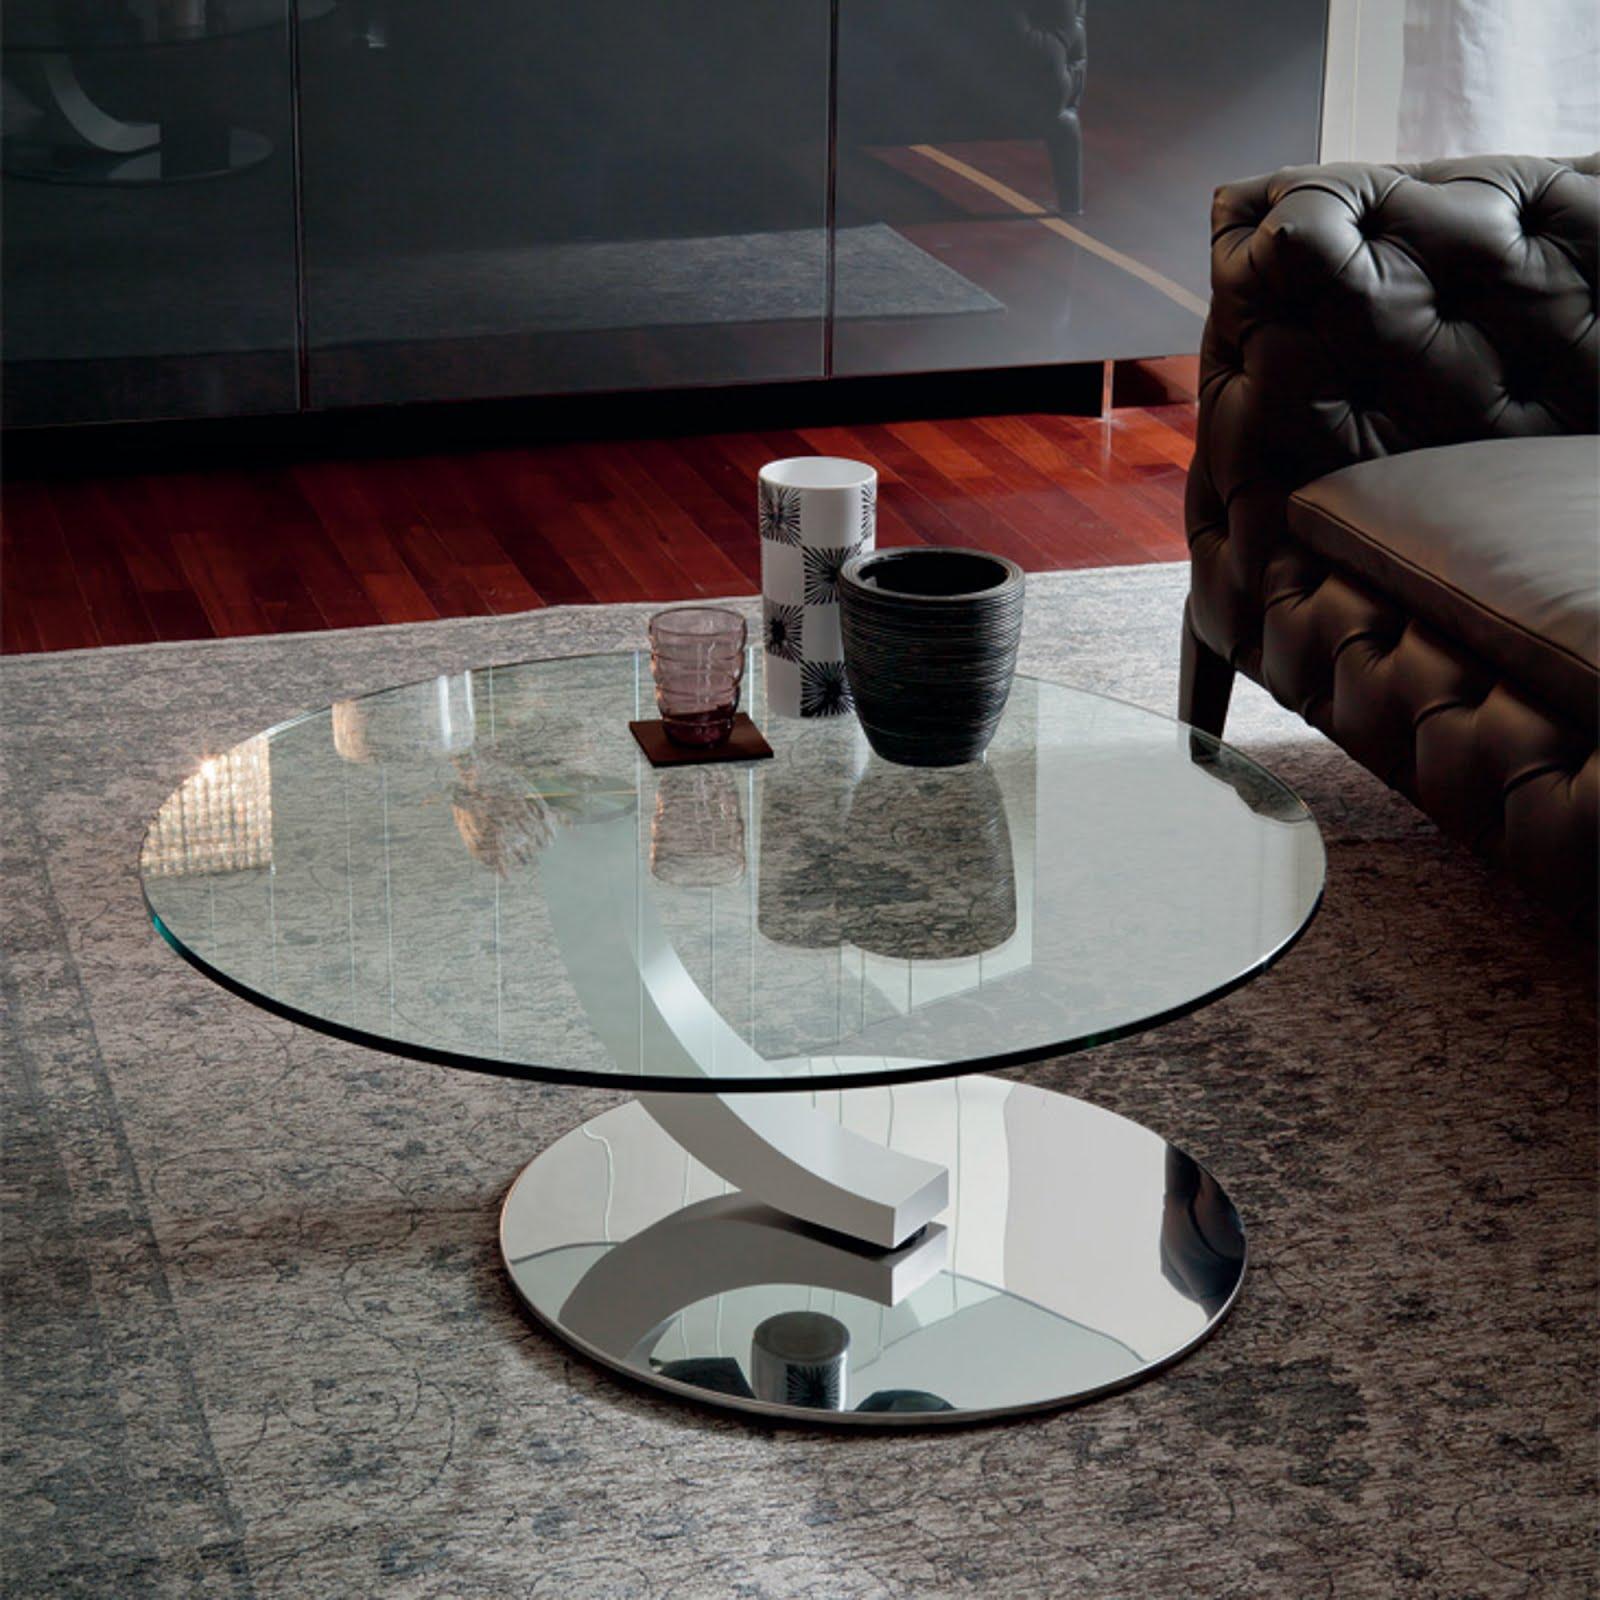 Coffee Table Cobra Inox Cattelan Italia Italian Furniture - The-cattelan-italias-spiral-was-designed-by-ca-nova-design
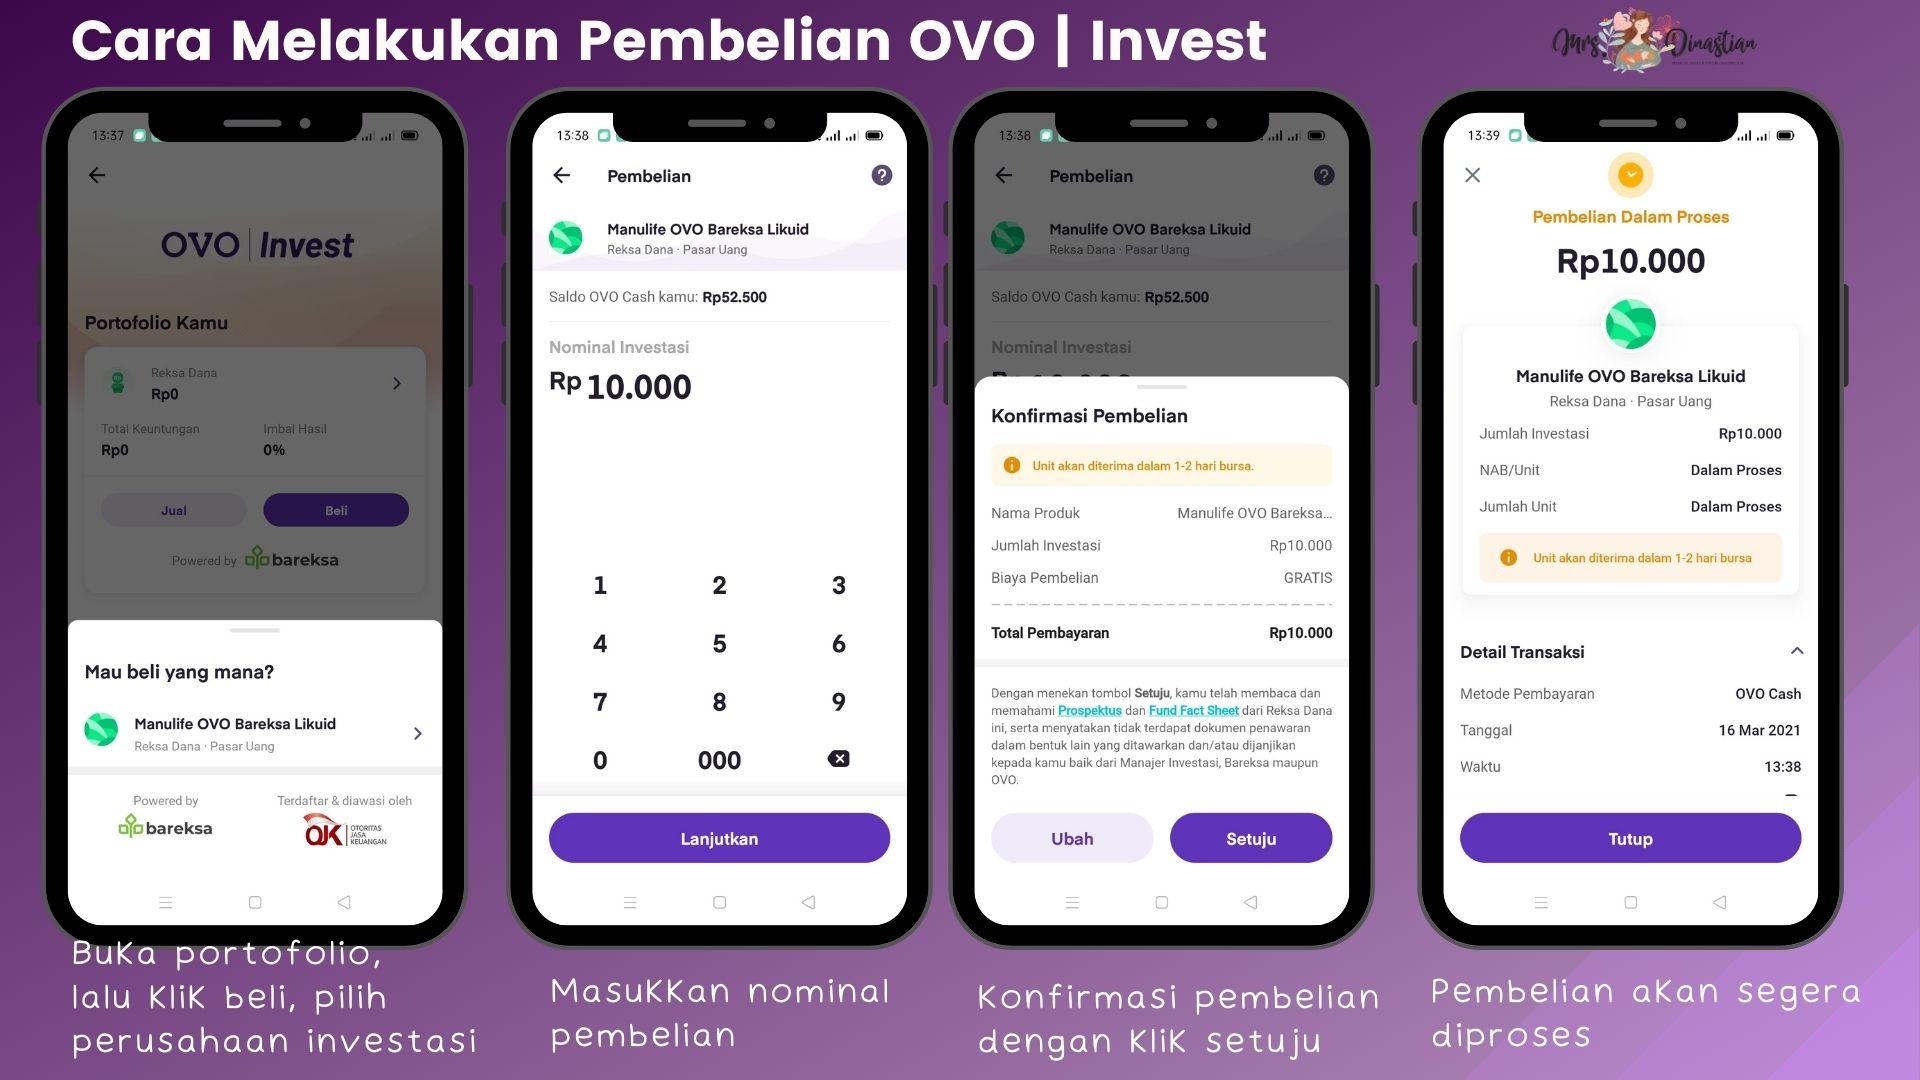 cara beli OVO | Invest
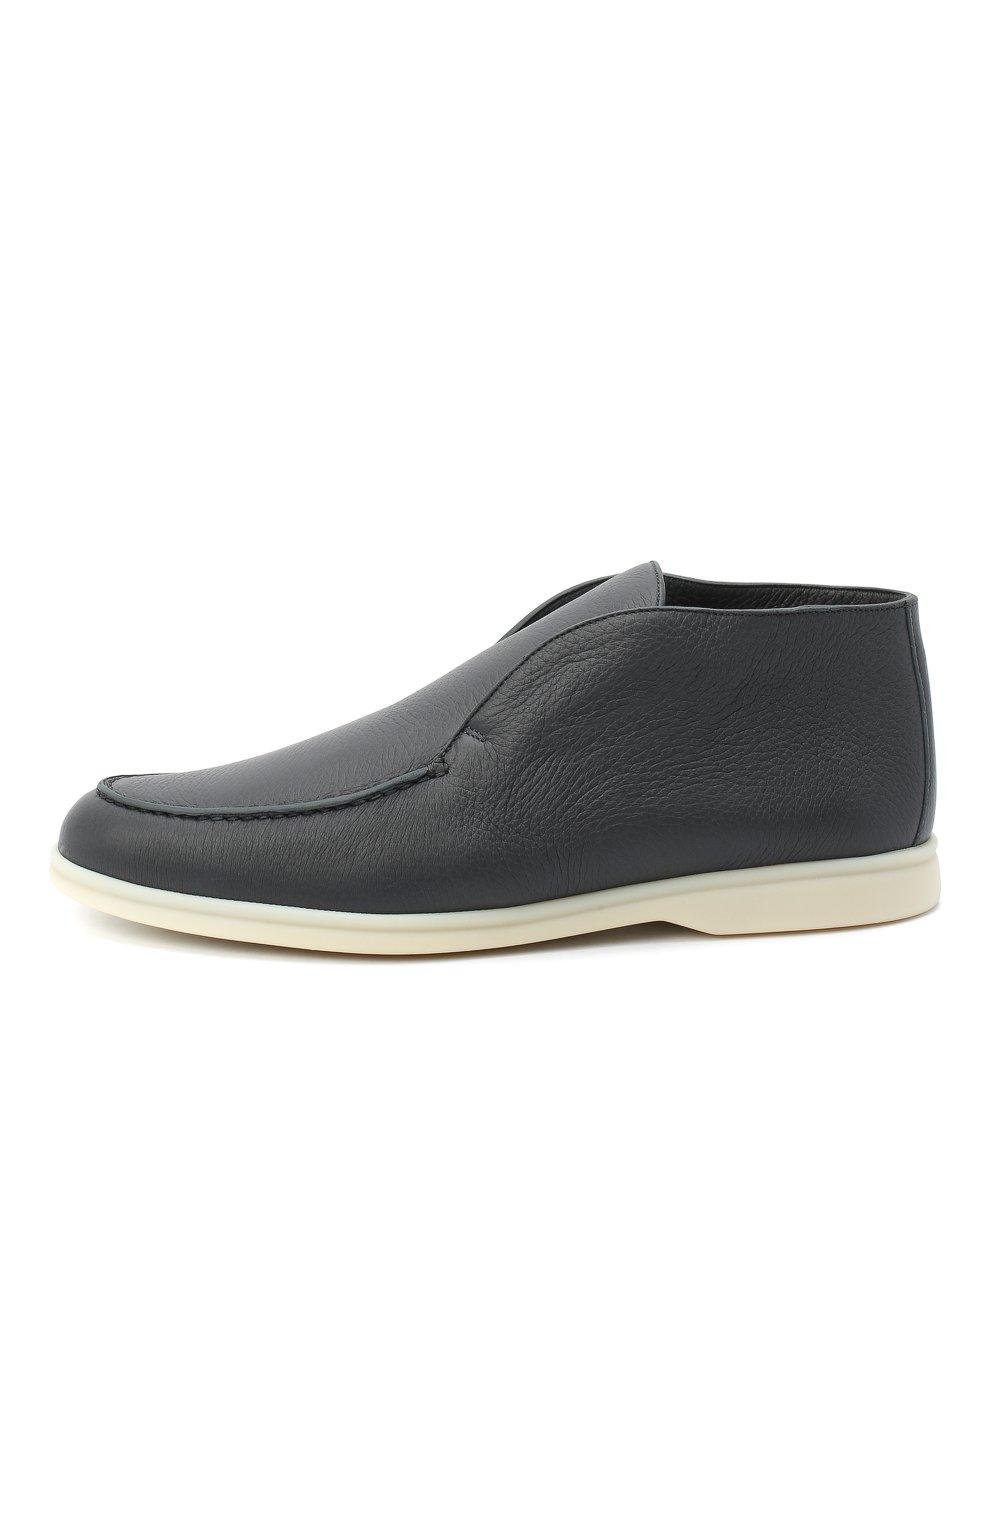 Мужские кожаные ботинки open walk LORO PIANA темно-серого цвета, арт. FAI3276 | Фото 3
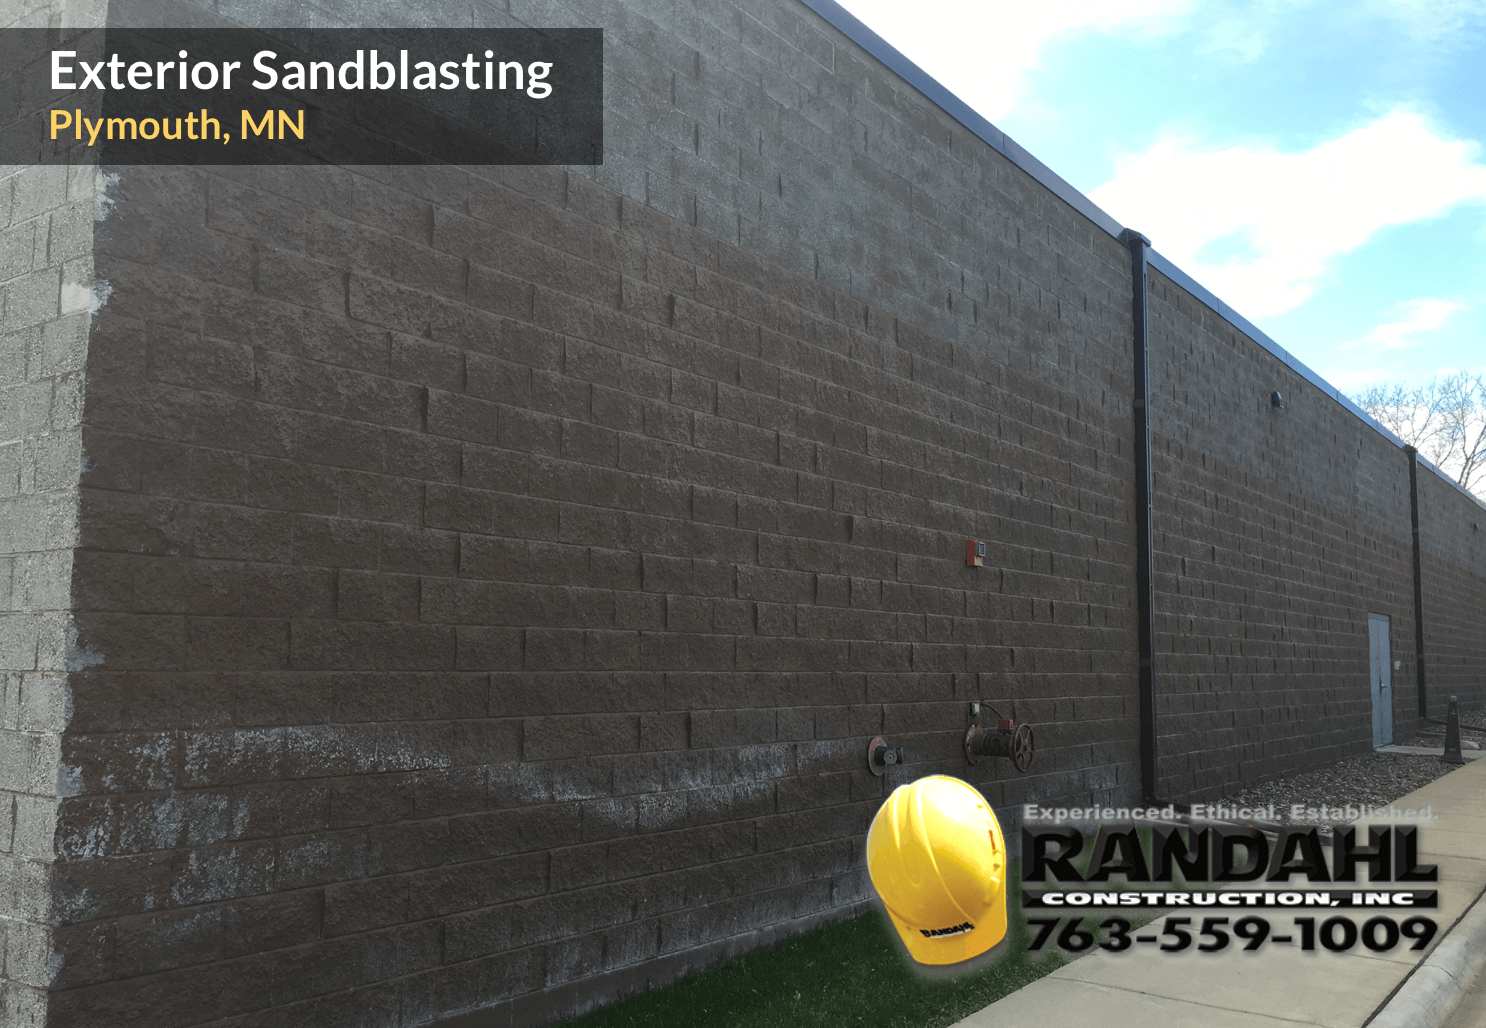 mn exterior sandblast contractor
◆ ◆ ◆ ◆ ◆
Please write out all the data word for word, but keep every picture out.

 Coffee Table Cobra Inox Cattelan Italia Italian Furniture - The-cattelan-italias-spiral-was-designed-by-ca-nova-design
 cara beli OVO | Invest
 Мужские кожаные ботинки open walk LORO PIANA темно-серого цвета, арт. FAI3276 | Фото 3
 mn exterior sandblast contractor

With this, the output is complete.